Those who wrote for Aequus also quoted relevant passages from prominent documents. A case in point was the controversial Australian Royal Commission on Human Relationships, constituted in 1974 by the Whitlam government that went on to submit a final report in 1977. Various sections of this landmark five-volume report referenced attitudes to homosexuality. While not denying the existence of dissenting voices, the Royal Commission was unambiguous in its statement of opposition to medical treatment regimes, based on the evidence heard.Footnote 81 Aequus told its readers about the Commission’s findings. Those recommendations included reference to the official position of the ANZCP that called for law reform in relation to consenting same-sex acts between adults in private; sex education directed ‘to children in schools, to parents, teachers and medical students about homosexuality’ involving ‘selected’ homosexual people to ‘help eliminated [sic] prejudice and discrimination’, and the provision of ‘well-informed and sympathetic counselling services’ for homosexuals.Footnote 82
At an individual level, some gay people refused to accept the popularly voiced, medically based prejudices of the mainstream press and its correspondents. J.L. of Wellington, for instance, wrote in forceful terms to the editor of Truth:
I have been reading for some time in your publication other people’s opinions of homosexuality and its society … What makes some readers think we want to be cured? Have they ever considered that homosexuality is, to some members of society, an alternative to heterosexuality, and is not abnormal? … The only bar to our happiness is the opinion of society … This country’s laws deny us legality, and churches refuse to bless our unions – why? In the street where we live we are accepted as married and gay.Footnote 83
Once again, one kind of making of the homosexual – as an abnormal social outcast – was rejected here. But gay liberationists’ reverse discourse – that is, their more radical re-working of psychiatry – did not dislodge prevailing assumptions among doctors, at least not initially. In 1976 law reform advocate Felix Donnelly, then senior lecturer in community health at Auckland Medical School, claimed that three-quarters of psychiatrists and psychologists still saw homosexuality as ‘an anomaly’ rather than a social problem marked by a lack of public acceptance. Only a quarter, he felt, believed in helping their patients to adjust to their sexuality and remove the guilt and fear that plagued their lives.Footnote 84 The Auckland University gay liberation group made the same estimation, drawing upon figures supplied by Professor Schaeffer, clinical psychiatrist at the Auckland Medical School.Footnote 85 As a profession, psychiatry was still divided over the aetiology of homosexuality and the appropriate response to it. After all, beneath the American Psychiatric Association’s 1973 decision to remove homosexuality from the DSM-II lay a significant body of dissent: no less than thirty-seven per cent of respondents adhered to the old listing.
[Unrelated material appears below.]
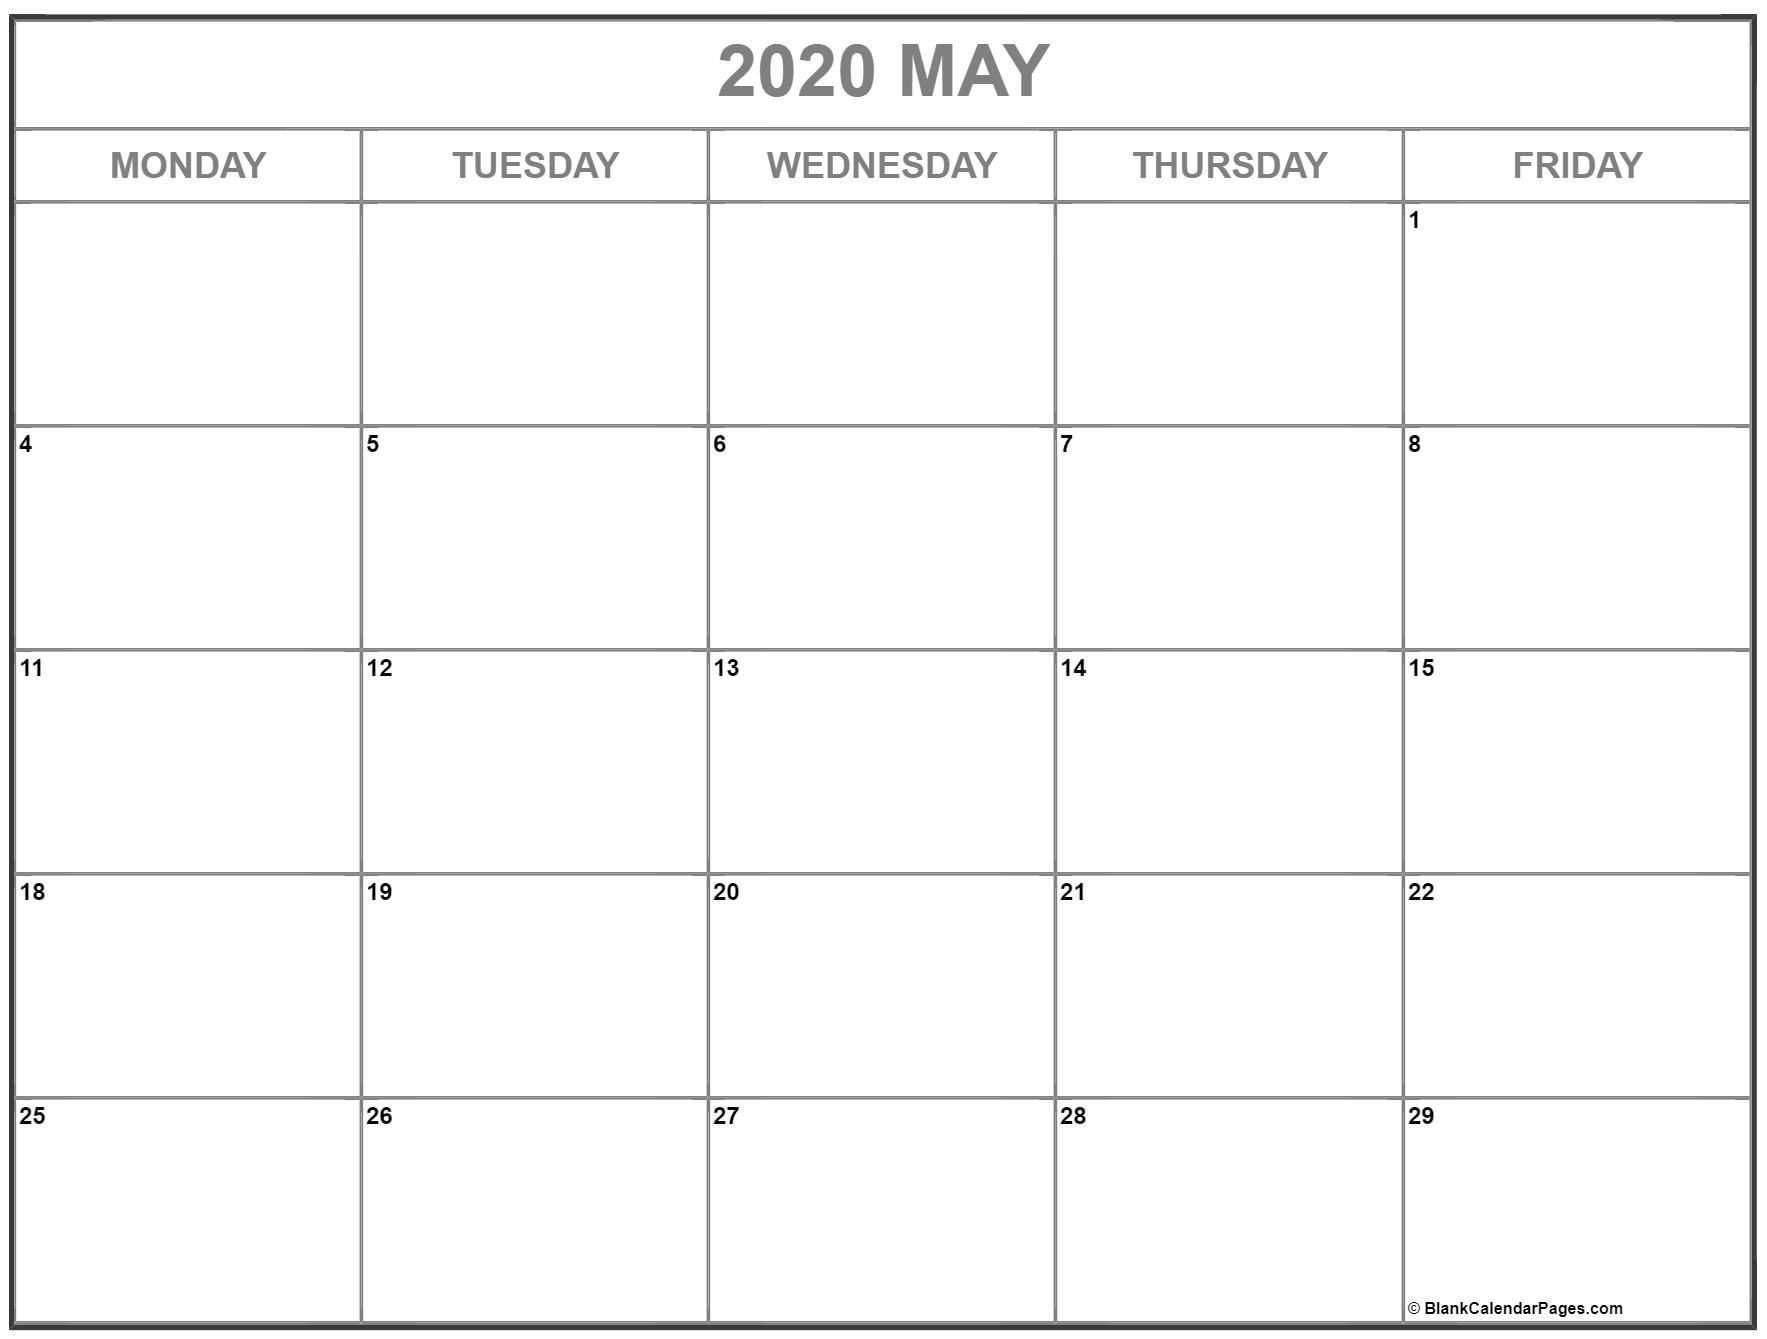 May 2020 Monday Calendar | Monday To Sunday Monday To Friday Printable Monthly Calendar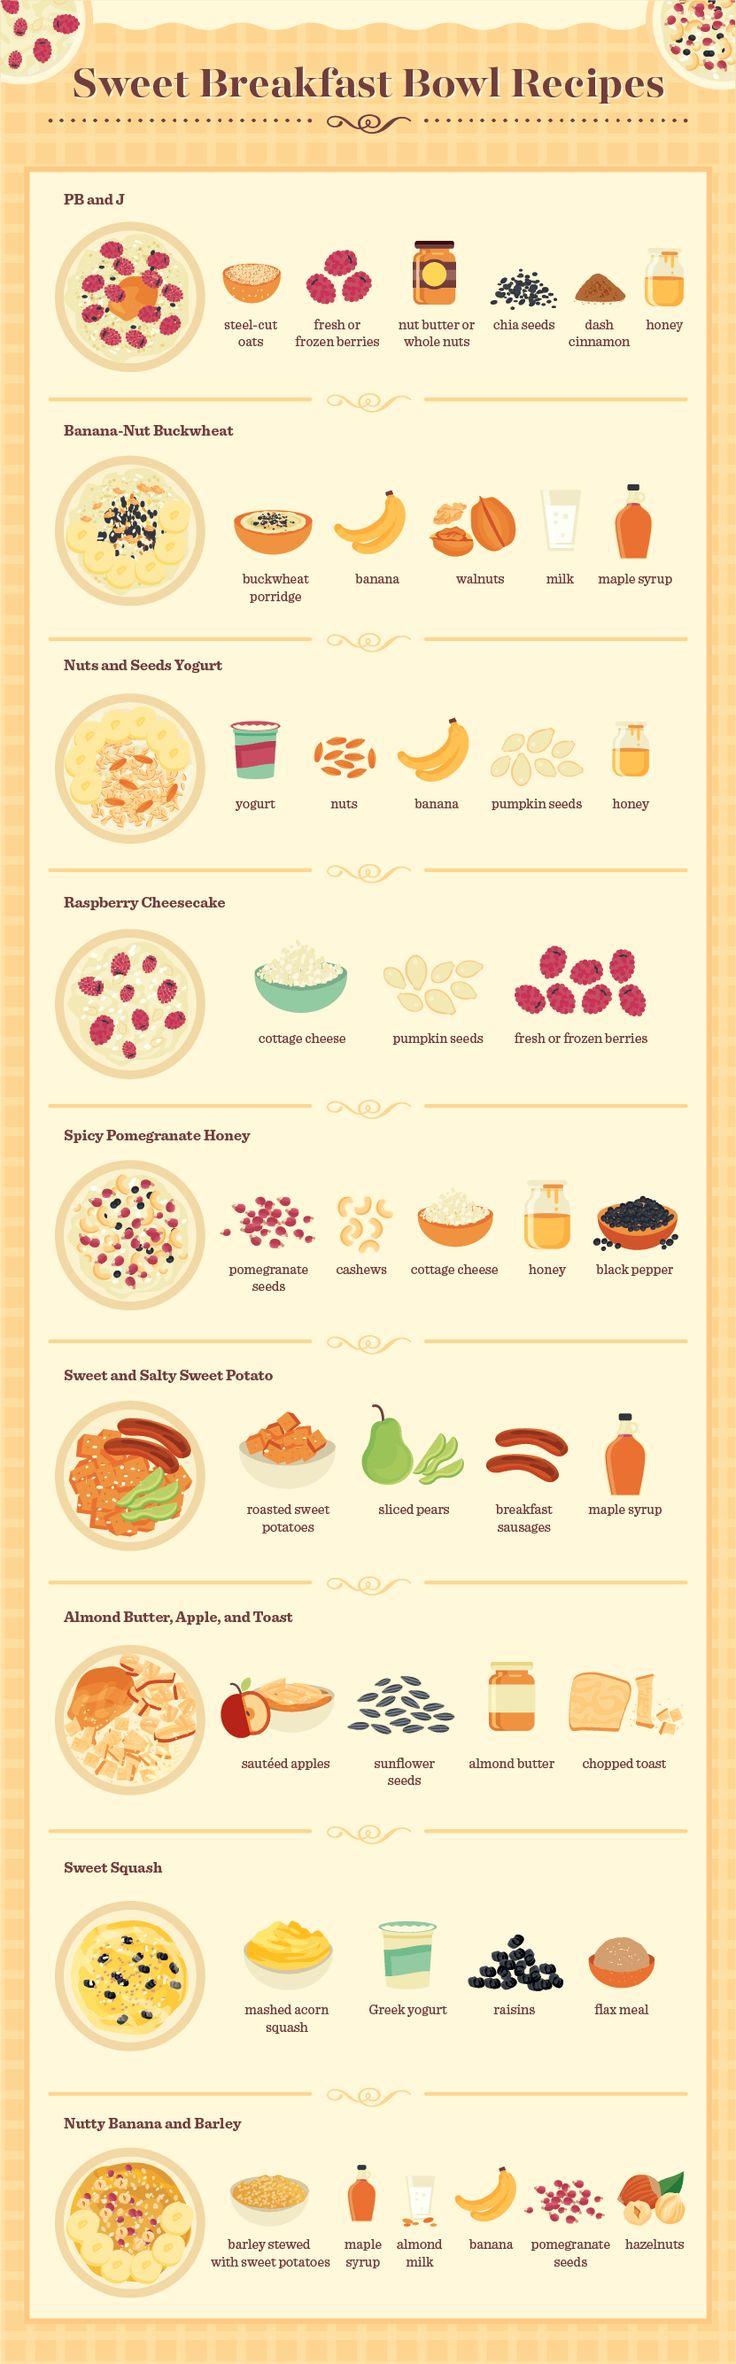 Sweet Breakfast Bowl Recipes

To assuage conservative members, many of them analysts and behaviour therapists, the APA’s board developed the new category of ‘sexual orientation disturbance’. This would apply to ‘individuals whose sexual interests are directed primarily towards people of the same sex and who are either disturbed by, in conflict with, or wish to change their sexual orientation’.Footnote 86
By the late 1970s law reform advocates in New Zealand acknowledged that the ANZCP (renamed the ‘Royal Australian and New Zealand College of Psychiatrists’ in 1978) now believed that its role was principally one of assisting the patient to become ‘a better adjusted homosexual’ rather than attempting to suppress sex drive or altering sexual orientation.Footnote 87 Treatments were still available from the clinician – but now on a strictly voluntary basis. Donnelly had long recognised the need for training in social medicine that would encourage medical practitioners to develop deeper insights and improve their professional encounters with patients.Footnote 88 Equally, gay liberation became acutely aware by the mid to late 1970s of the vital need for professional counselling and support services for expanding numbers of gay people, many in heterosexual marriages, who were attempting to come to terms with their sexuality. This was a controversial area for some in the formal health system and not one in which some practitioners and counsellors had adequate training.Footnote 89 To this end, a Wellington gay liberation group surveyed Fellows of the ANZCP in 1977 to evaluate attitudes of psychiatrists to their homosexual patients and to ‘assess back-up services desirable to assist psychiatrists in the care of these clients’.Footnote 90 The questionnaires yielded fertile data – both quantitative and qualitative – and provide at once a unique and illuminating insight into the attitudes of practitioners in 1970s New Zealand, about whose perspectives and experiences very little is known.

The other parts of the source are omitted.